Depuis que les chars russes sont entrés en Ukraine, nous, Européens, tâchons de nous convaincre que c'est la guerre des autres et que l'Ukraine est un pays lointain. Les crimes et atrocités humaines que nos écrans nous renvoient en temps réel seraient réservés à un monde à part, même pas membre de l'Union européenne ni de l'Otan, un monde étanche et confiné à des règlements de compte entre vieux cousins de l'ancien bloc soviétique, dont nous serions à jamais épargnés.
C'est le contraire. Ce que Vladimir Poutine vise en Ukraine, c'est nous. Les civils qu'il massacre, chasse et terrorise ont commis à ses yeux le crime de vouloir nous rejoindre et nous ressembler. Le pays sur lequel il s'acharne est une Ukraine occidentalisée qu'il croyait connaître et qu'il n'a pas vu changer, celle qui a fait le choix de l'Europe plutôt que d'une Russie issue du soviétisme et calquée sur son modèle, celle qui s'efforce d'avancer vers la mise en place de la démocratie libérale au contraire de la dictature qu'il incarne. Derrière la rhétorique d'une avancée de l'Otan menaçante pour la sécurité de la Russie, dont l'histoire démontre qu'elle ne repose sur aucune réalité et qu'elle n'est qu'un prétexte mis en scène sur le tard, la guerre de Poutine n'a qu'une cible : les valeurs de l'Europe et de l'Occident qu'il exècre - la pluralité politique, la liberté de la presse, le respect des minorités, des droits humains, de la souveraineté des Etats, de l'intégrité des frontières établies par les traités internationaux, lesquels ont été signés et validés par la Russie elle-même.
L'Ukraine, qui doit être remise au pas, vassalisée ou à nouveau tronçonnée, selon l'ampleur des ravages russes sur le terrain et des négociations qui en découleront, n'est pas une fin en soi. Elle est une étape dans une guerre commencée il y a vingt-deux ans par Vladimir Poutine, arrivé au pouvoir grâce à son "règlement" radical de la guerre de Tchétchénie. L'invasion de l'Ukraine a été préparée par sa conquête d'un cinquième du territoire de la Géorgie en 2008, l'annexion de la Crimée et son soutien informel aux séparatistes du Donbass en 2014.

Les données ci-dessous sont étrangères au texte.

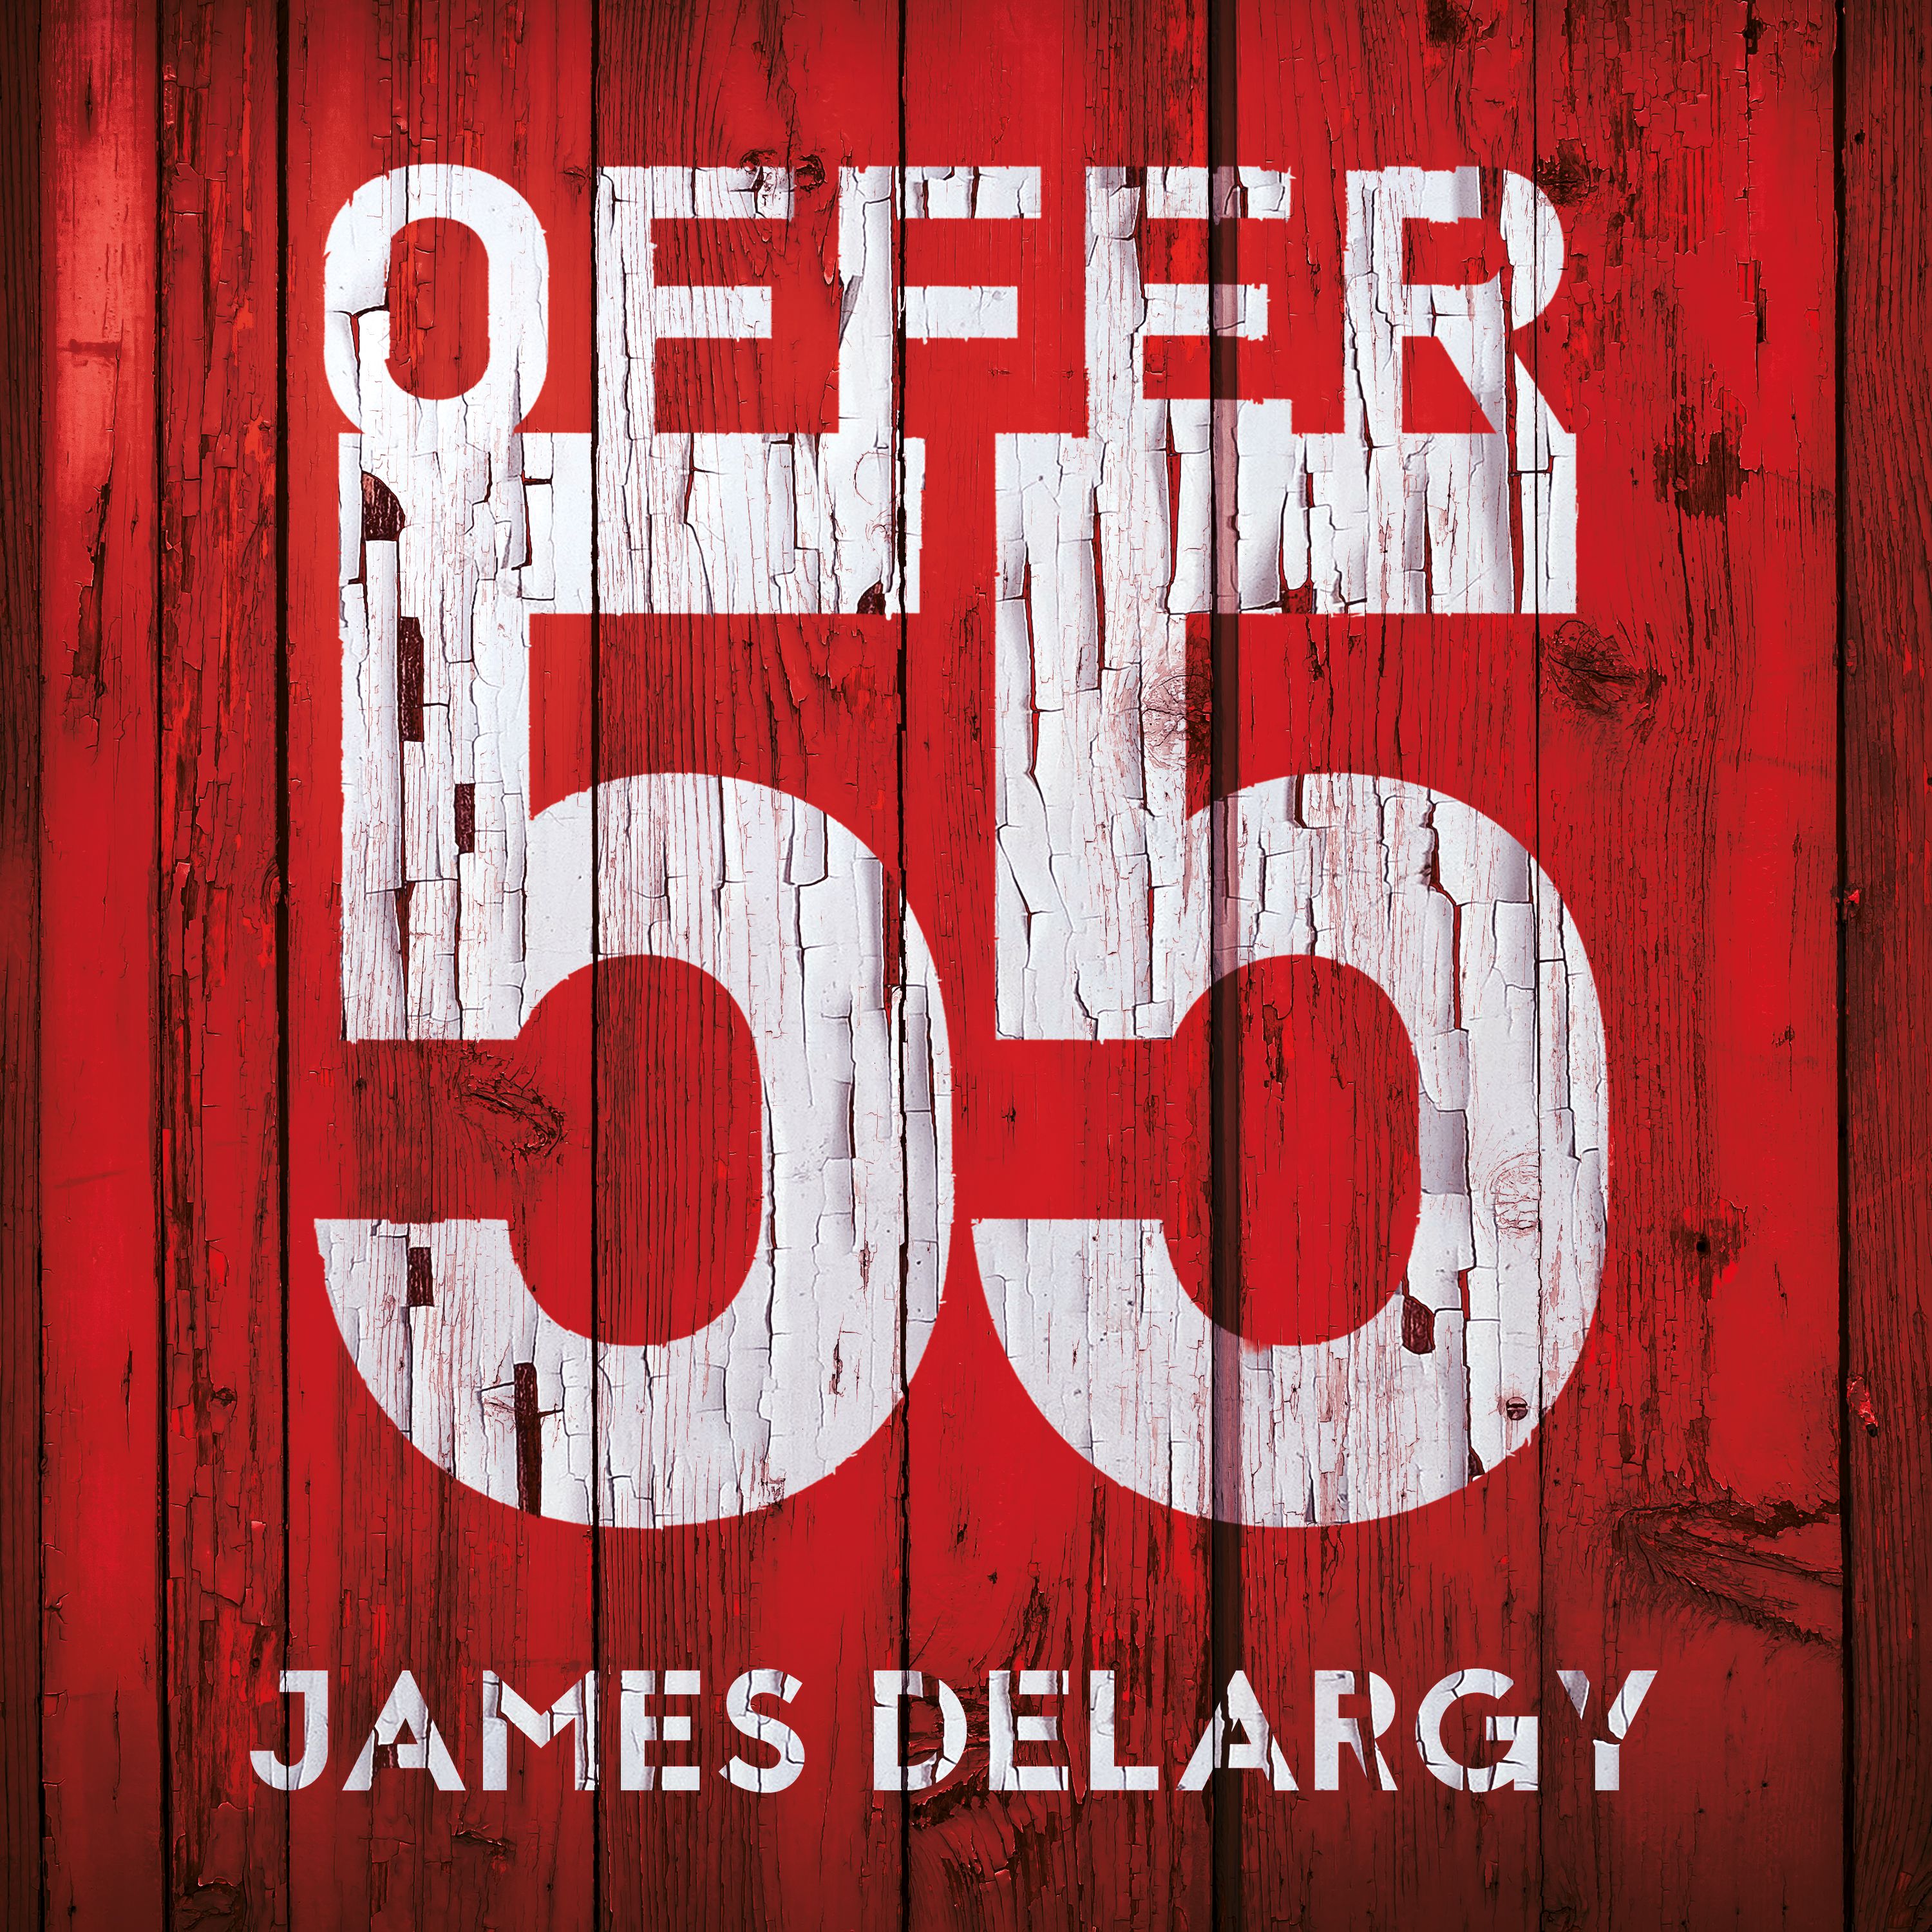 Offer 55, lydbog af James Delargy
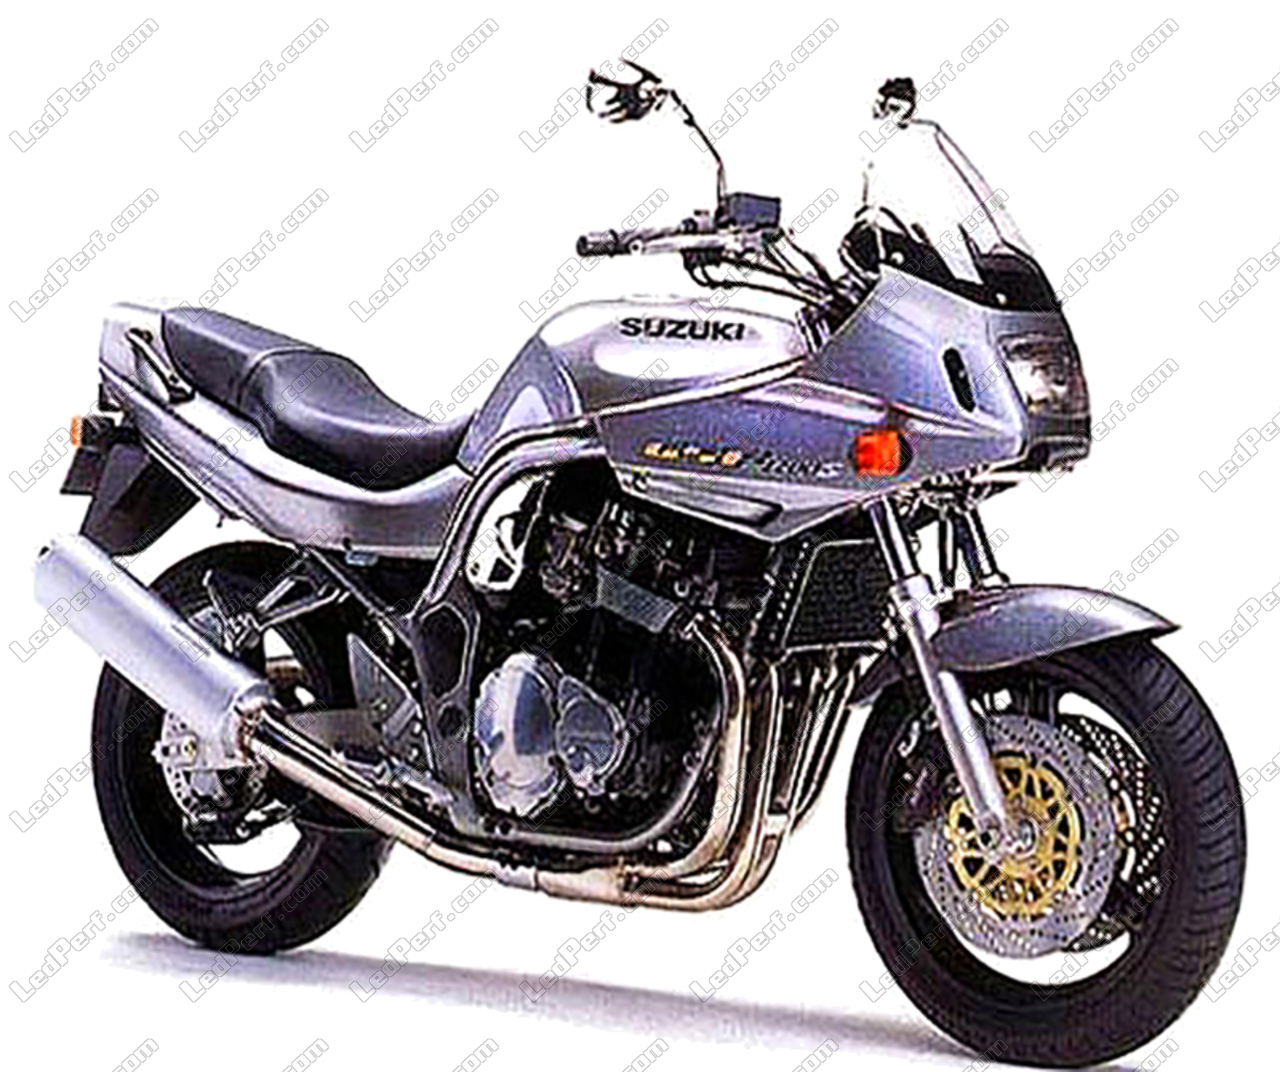 https://www.ledperf.us/images/models/ledperf.com/._1/led-bulb-kit-for-suzuki-bandit-600-s-1995-1999-motorcycle_52104.jpg
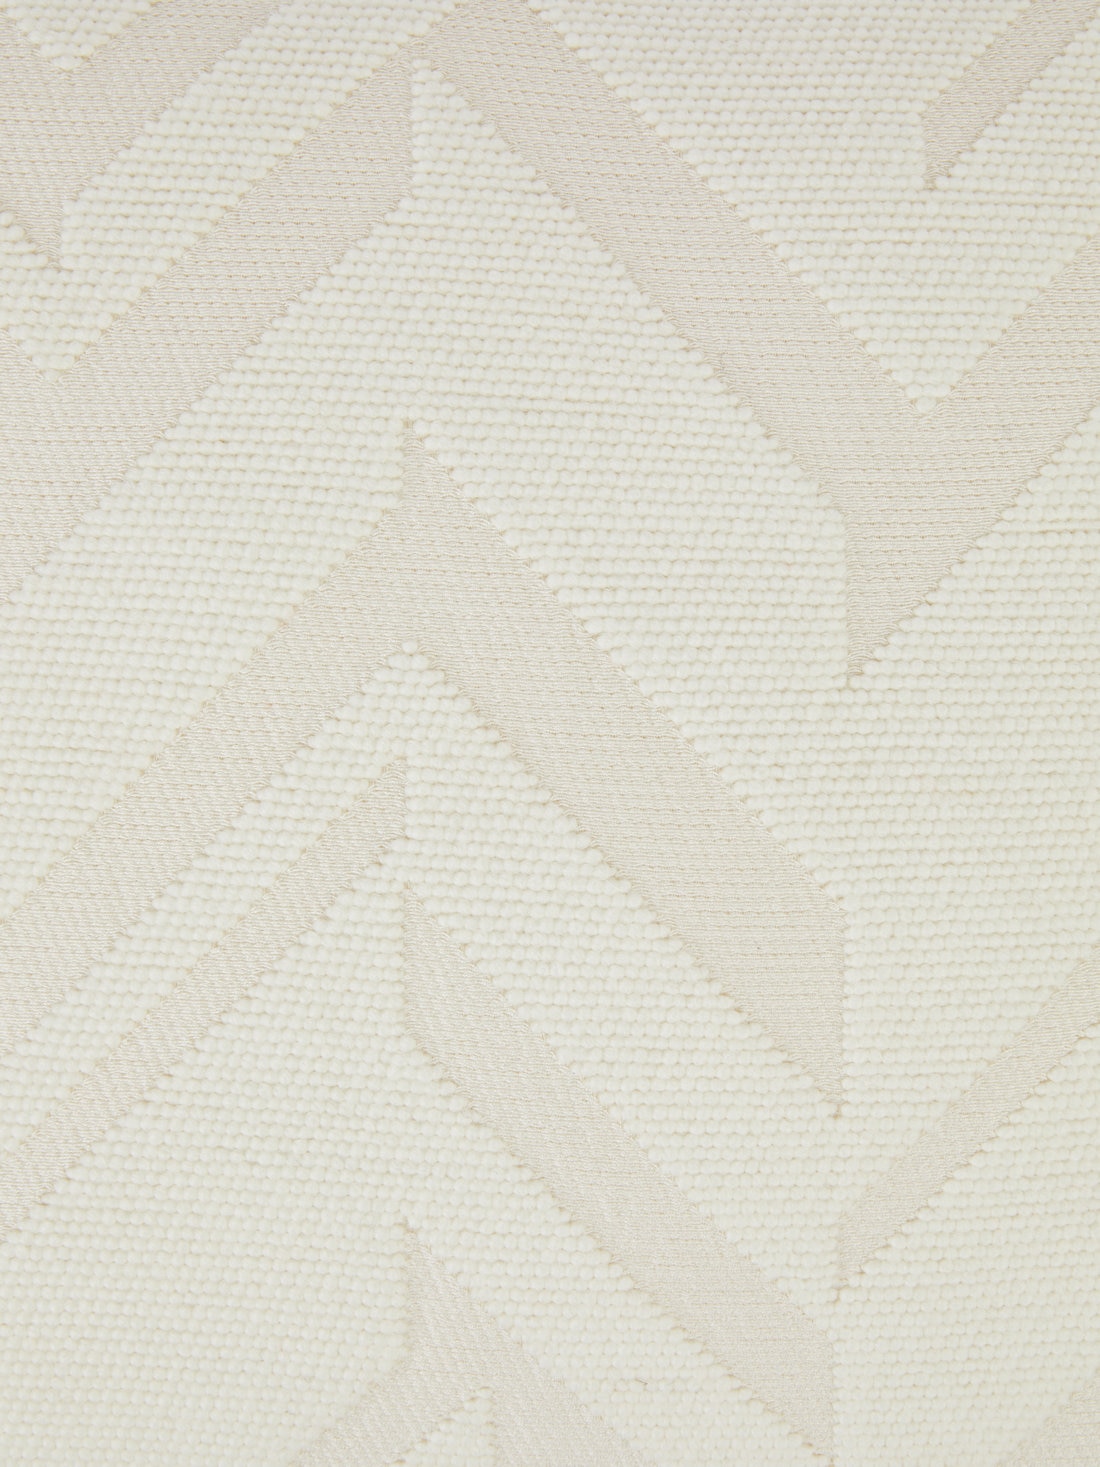 Orme クッション 40x40cm 3Dエフェクトジャカード織り, ホワイト  - 8051575837364 - 3
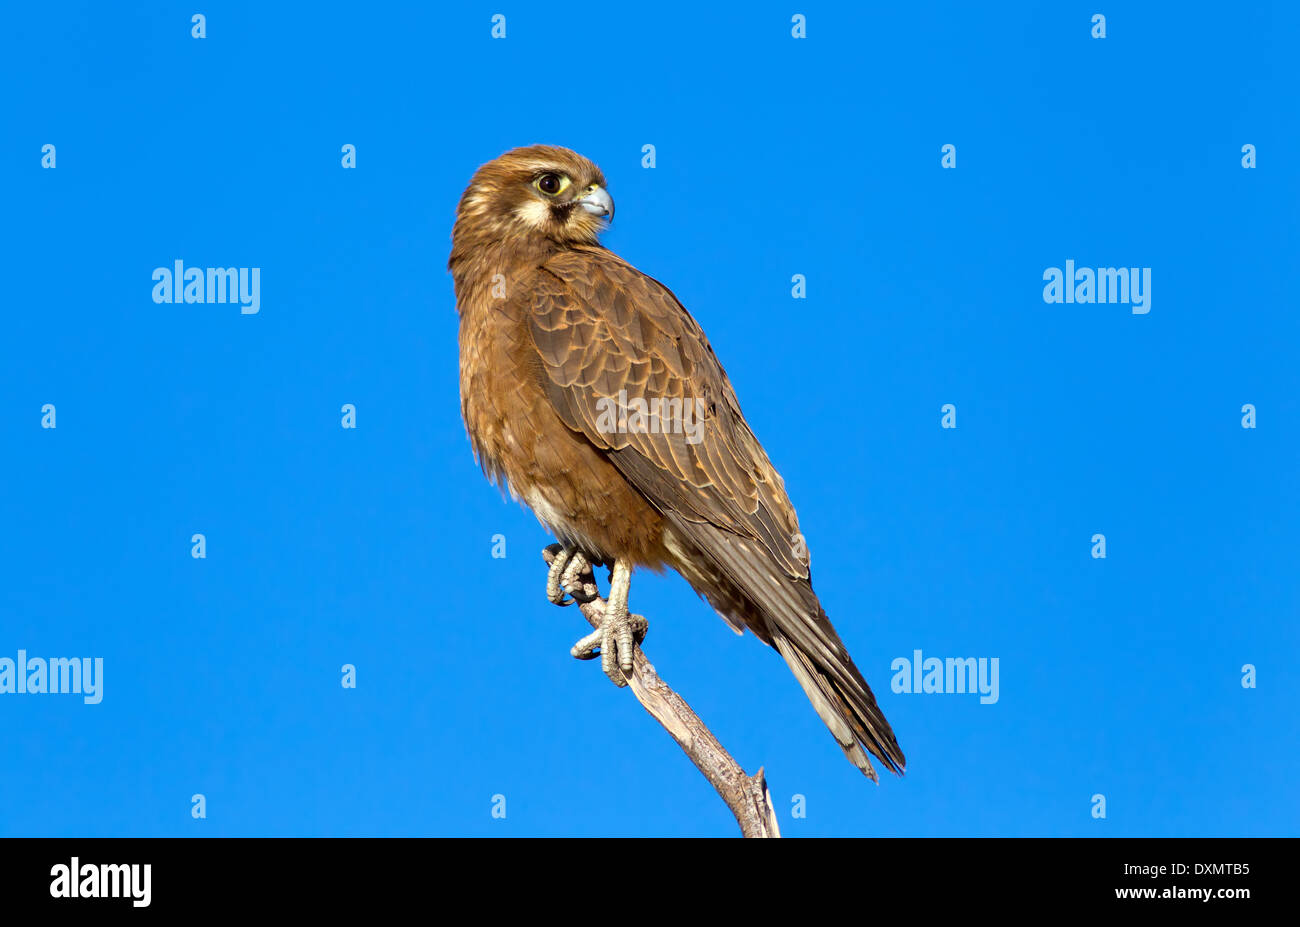 Brown falcon oiseau de proie raptor de la faune de l'Australie Centrale australienne West McDonnell varie perché sur une branche d'arbre mort Banque D'Images

Nous ne pouvons continuer à nous bercer des illusions que le président russe compte s'arrêter là. Vladimir Poutine, qui s'amuse de la naïveté occidentale et de son attachement à la paix, a pourtant exposé son plan clairement. En juillet 2021, il a expliqué que l'Ukraine n'existait pas hors de la Russie. En décembre, il a voulu imposer deux projets de traités prévoyant rien de moins qu'un retour à la situation d'avant 1997 - avant l'adhésion à l'UE et à l'Otan d'anciens pays du bloc soviétique, comme la Pologne ou les pays Baltes. Aucun pays au nord et à l'est de l'Allemagne n'aurait le droit de choisir la protection de l'Alliance atlantique. Ce que veut Poutine, c'est mettre l'Europe sous sa coupe.
Les Ukrainiens meurent pour nous
Les Ukrainiens sont en train de mourir pour nous. Pour nos principes et nos valeurs, pour la liberté et la démocratie, pour l'indépendance et la souveraineté des Etats, pour le droit à la paix. Et ils résistent avec un courage et une ténacité extraordinaires, avec le soutien militaire, humanitaire et les renseignements des alliés de l'Otan, à la deuxième armée du monde qui les massacre. Ils nous demandent une zone d'exclusion aérienne, que rejette le président Biden : envoyer des équipements offensifs et des avions contre l'armée russe, "comprenez-le bien, ne vous y trompez pas, quoi qu'on en dise, ça s'appelle la Troisième Guerre mondiale". Européens et Américains ont fait preuve d'une unité impressionnante pour soutenir l'Ukraine et imposer à la Russie des sanctions d'une violence paralysante.
Mais pas assez vite. Les villes croulent sous les bombes et nous, incapables de nous priver de l'achat du gaz russe, nous restons les financiers de la guerre que nous dénonçons. Comment être en guerre sans le dire et sans y être ? Sans devenir l'agresseur qui mènerait à une escalade fatale, nous devons nous préparer à ne rien concéder à un dictateur déterminé, il l'a dit, à "aller jusqu'au bout". Et donc accepter des sacrifices douloureux.
Kiev est devenue la capitale de l'Europe car ce qui se joue à Kiev, c'est nous. C'est à notre civilisation que Vladimir Poutine a déclaré la guerre, et notre faiblesse l'incitera à franchir d'autres frontières. Si l'Ukraine tombe, l'Union européenne sera au premier rang sur la ligne de front. De continuer à ne pas vouloir souffrir pour l'Ukraine, nous mourrons.